Accordingly, the Panel has determined to impose the following conditions on your registration for a period of 12 months:
1. You must formalise a protocol detailing your management of the heart tissue in post mortem cases where the deceased is aged less than 35 and where there is not an immediately apparent non-cardiac cause of death.
2. You must formalise this protocol with the agreement of a senior colleague, who will act as your supervisor solely in relation to your compliance with this protocol. This supervisor should be a qualified pathologist who is on the specialist register of the GMC and who is at least as senior as yourself.
3. a You must maintain a log detailing your compliance with the protocol in all relevant cases.
b. You should make this log freely available to your supervisor and, on request, to the GMC.
4. You must allow the GMC to exchange information with your supervisor, where necessary.
5. You must notify the GMC promptly of any post you accept for which registration with the GMC is required and provide the GMC with the contact details of your employer.
6. You must allow the GMC to exchange information with your employer, or any organisation for which you provide medical services, and any individual involved in your supervision.

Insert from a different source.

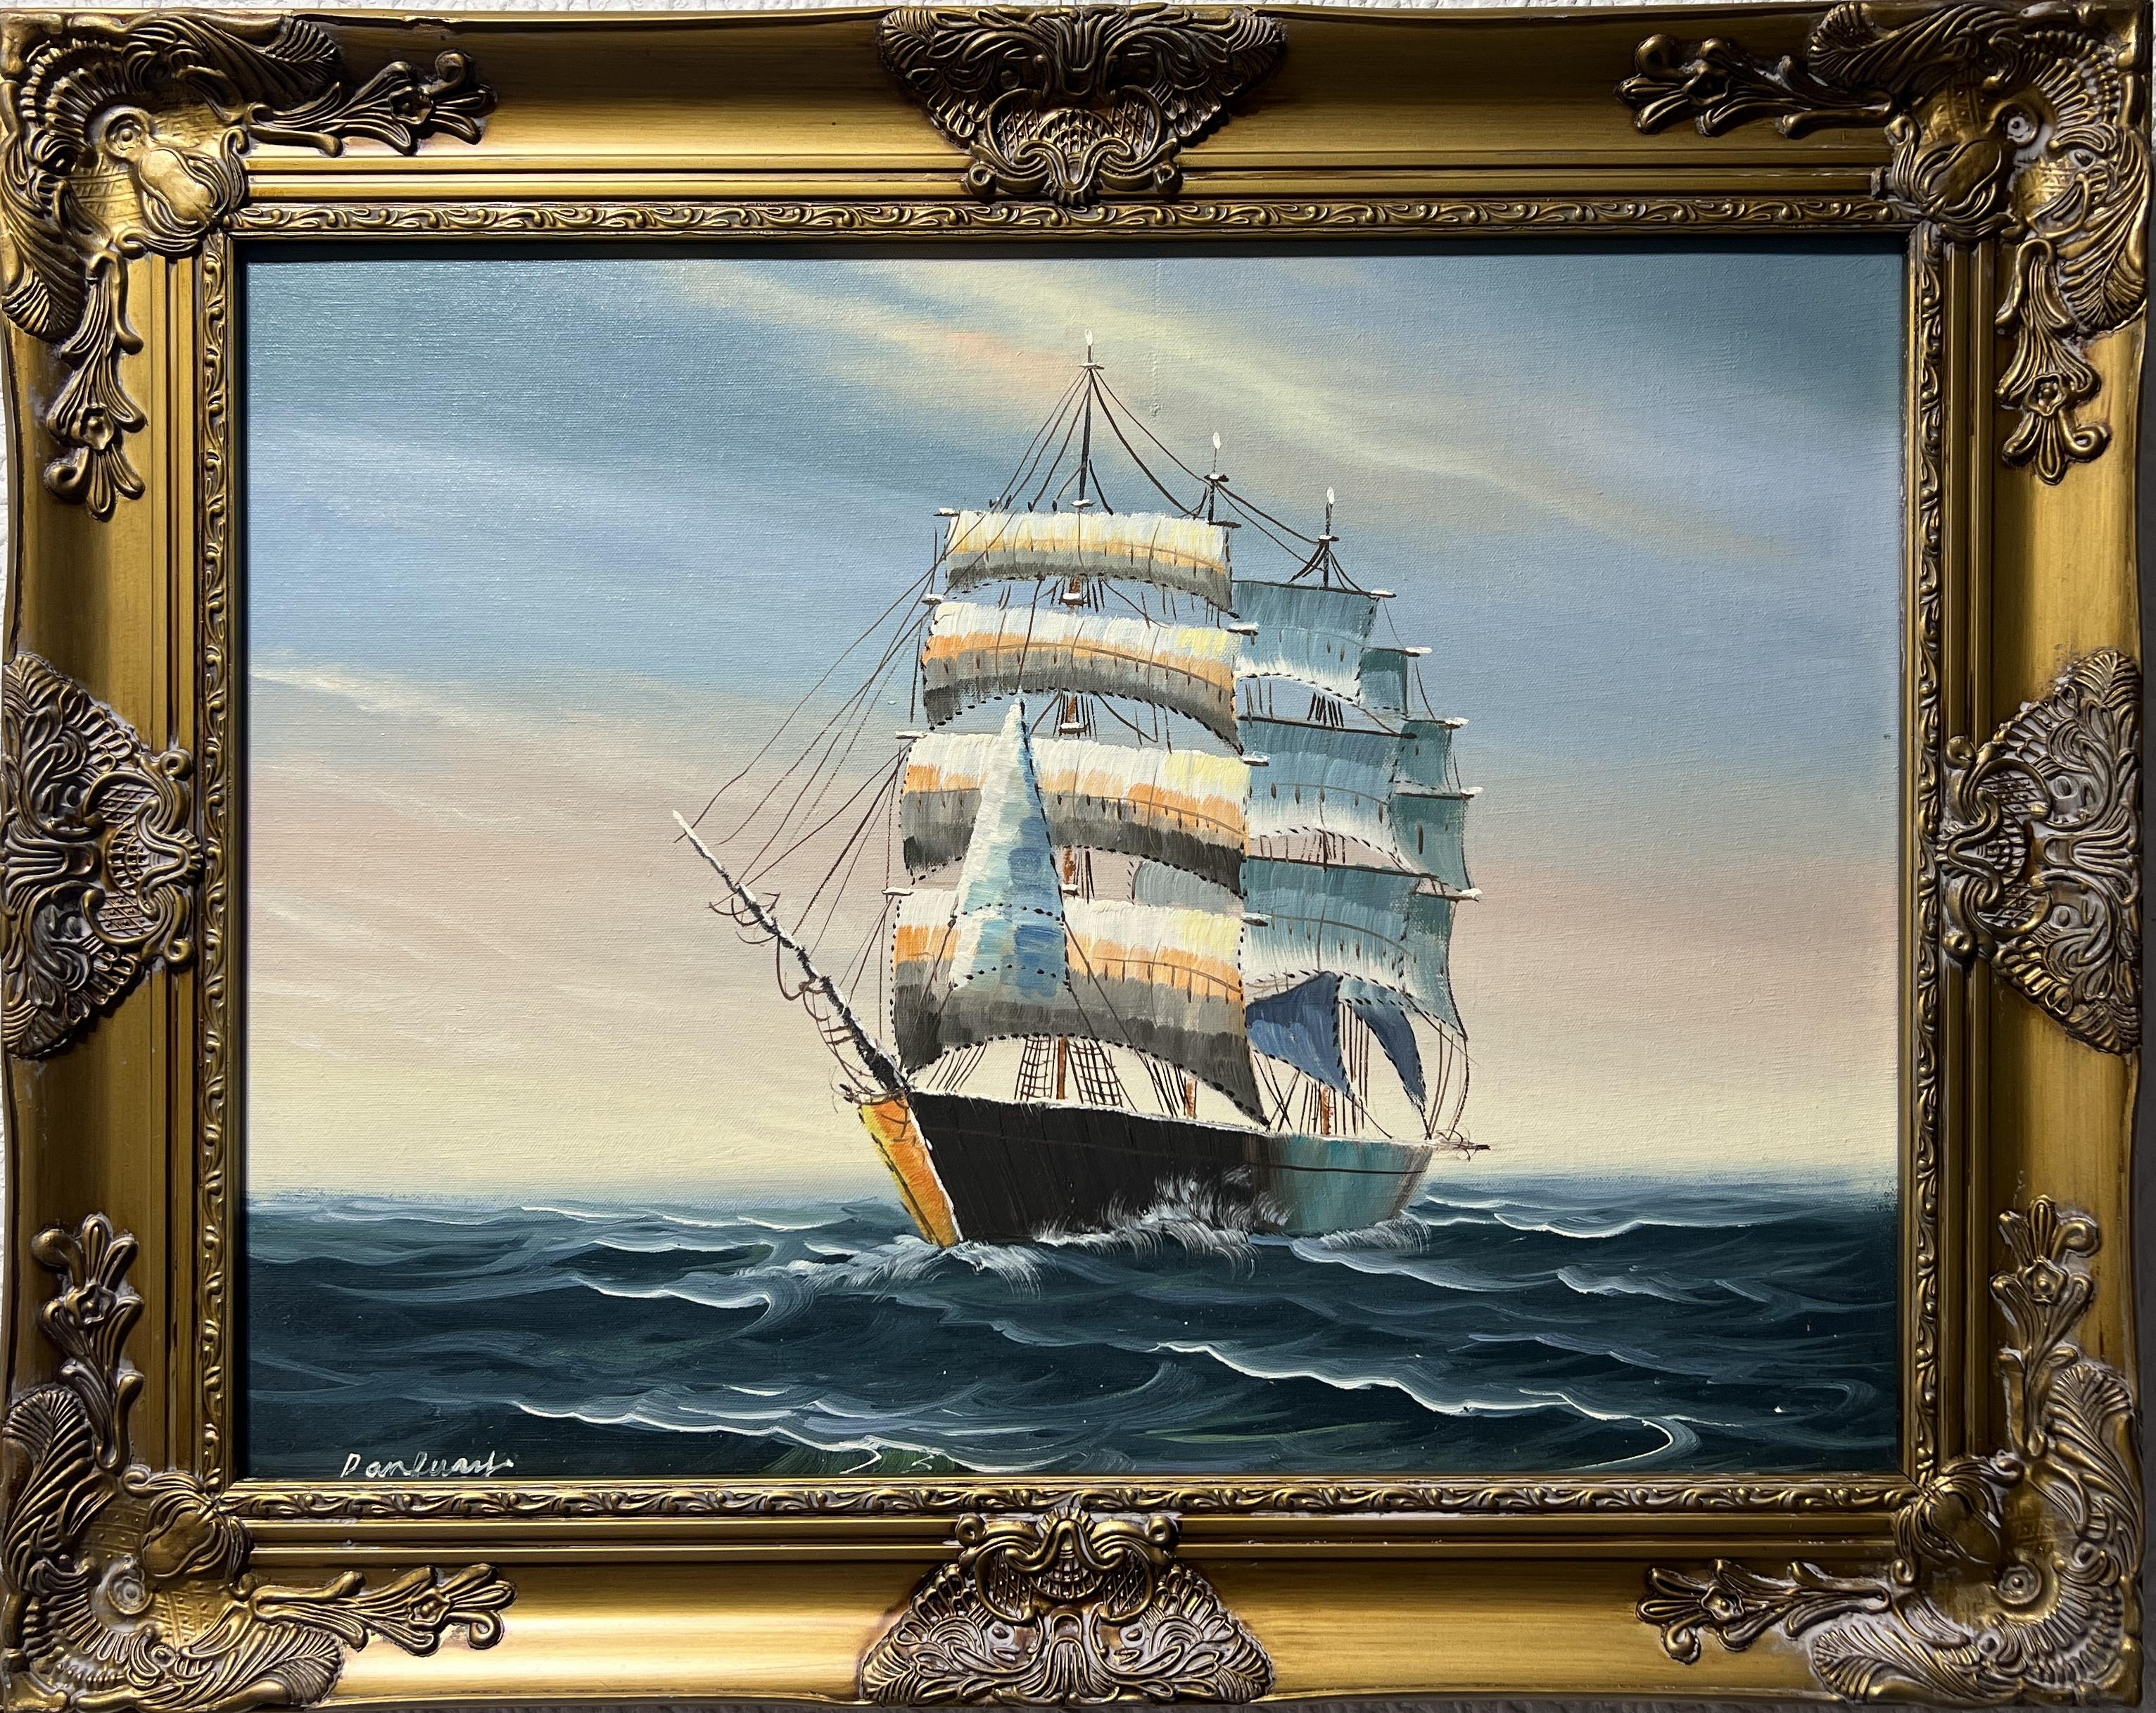 Landscape Painting Unknown - Peinture originale à l'huile sur toile, paysage marin, bateau à voile, signée, cadre doré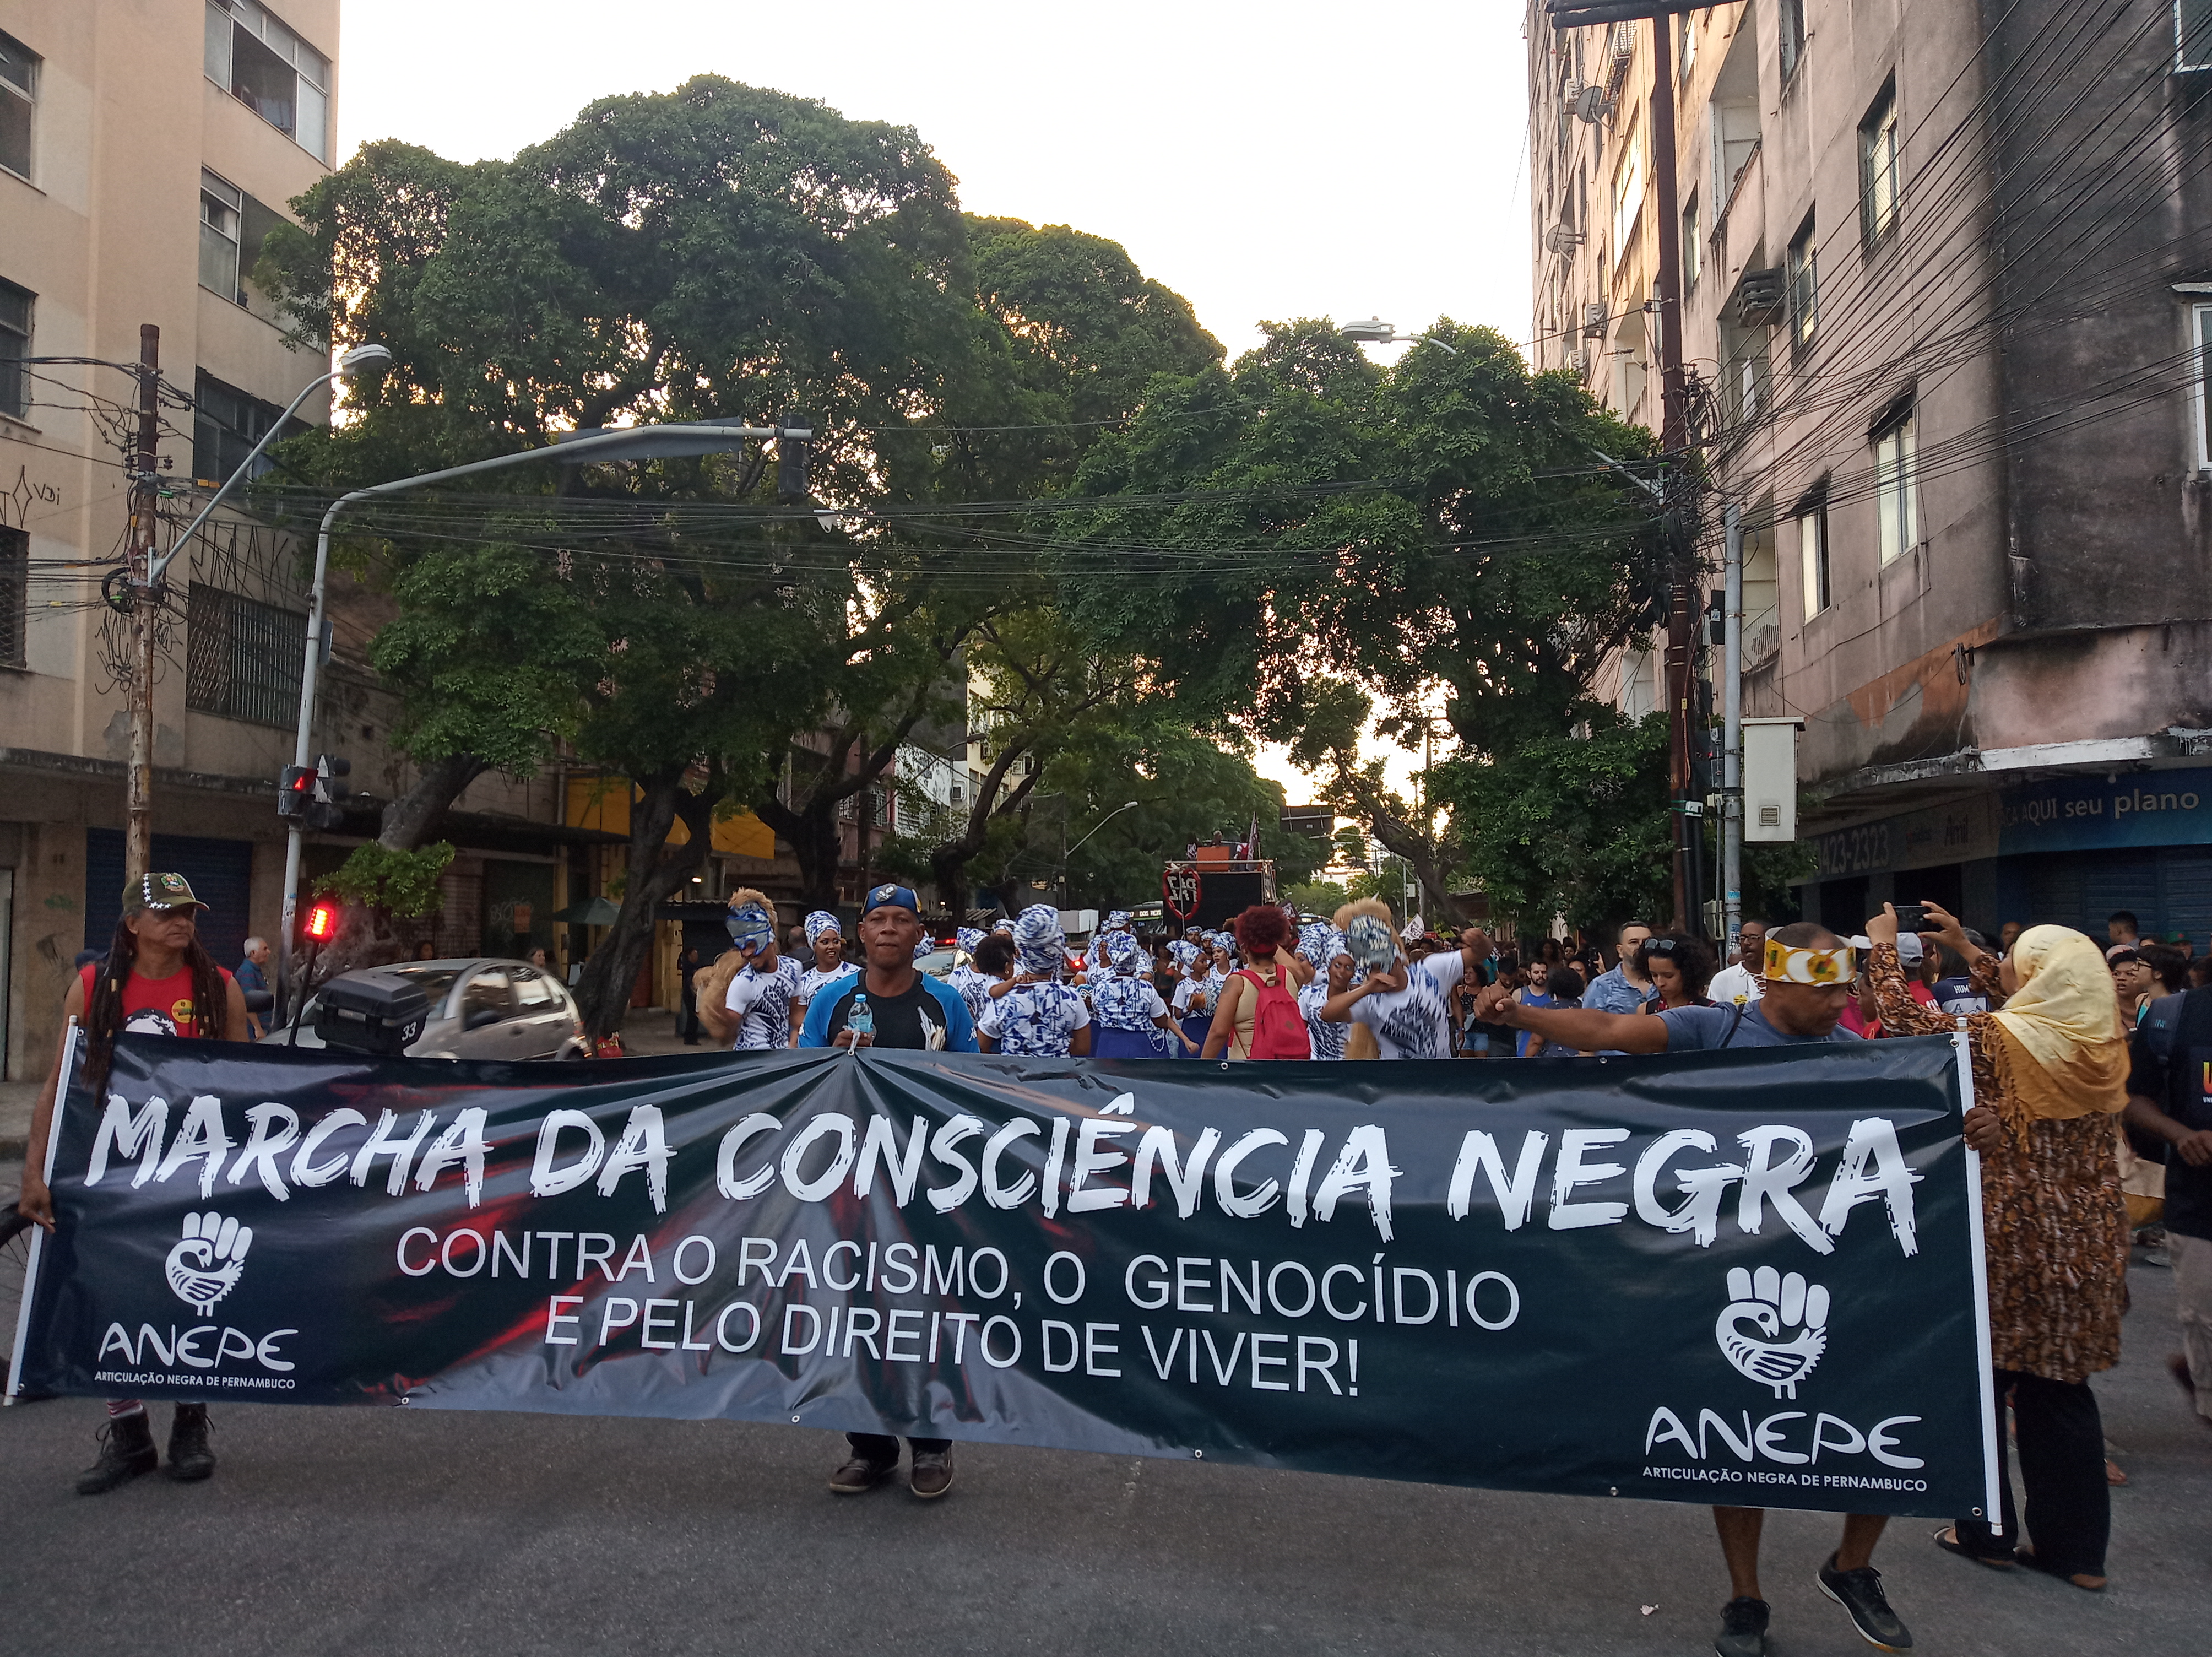 Marcha da Consciência Negra ocupa as ruas de Recife

7. You must inform the GMC of any formal disciplinary proceedings taken against you, from the date of this determination.
8. You must inform the GMC if you apply for employment outside the UK.
9. You must inform the following parties that your registration is subject to the conditions, listed at 1 to 8 above:
Any organisation or person employing or contracting with you (including HM Coroner) to undertake medical work;
Any locum agency or out-of-hours service you are registered with or apply to be registered with (at the time of application);
Any prospective employer (at the time of application).

In reaching its decision to impose conditions on your registration for a period of 12 months, the Panel considers that this will give you sufficient time in which to demonstrate that you have sustained the changes in your practice. Before the end of this period of conditional registration a Fitness to Practise Panel will meet to review your case. A letter will be sent to you about the arrangements for the review hearing which you will be expected to attend. At that hearing, the Panel reviewing the case will expect to receive the following:  
An assessment from your supervisor on your protocol and your log  
A copy of the protocol
A copy of the log

The effect of this direction is that, unless you exercise your right of appeal, your registration will be subject to these conditions for a period of 12 months, beginning 28 days from the date when written notice of this direction has been deemed to have been served upon you. Having regard to the measures outlined by your Counsel regarding your current practice arrangements, and the Panel's view that there it is unlikely that there is a risk of recurrence of these events, the Panel is not minded to impose these conditions immediately, unless either Counsel wishes to make submissions on this matter.”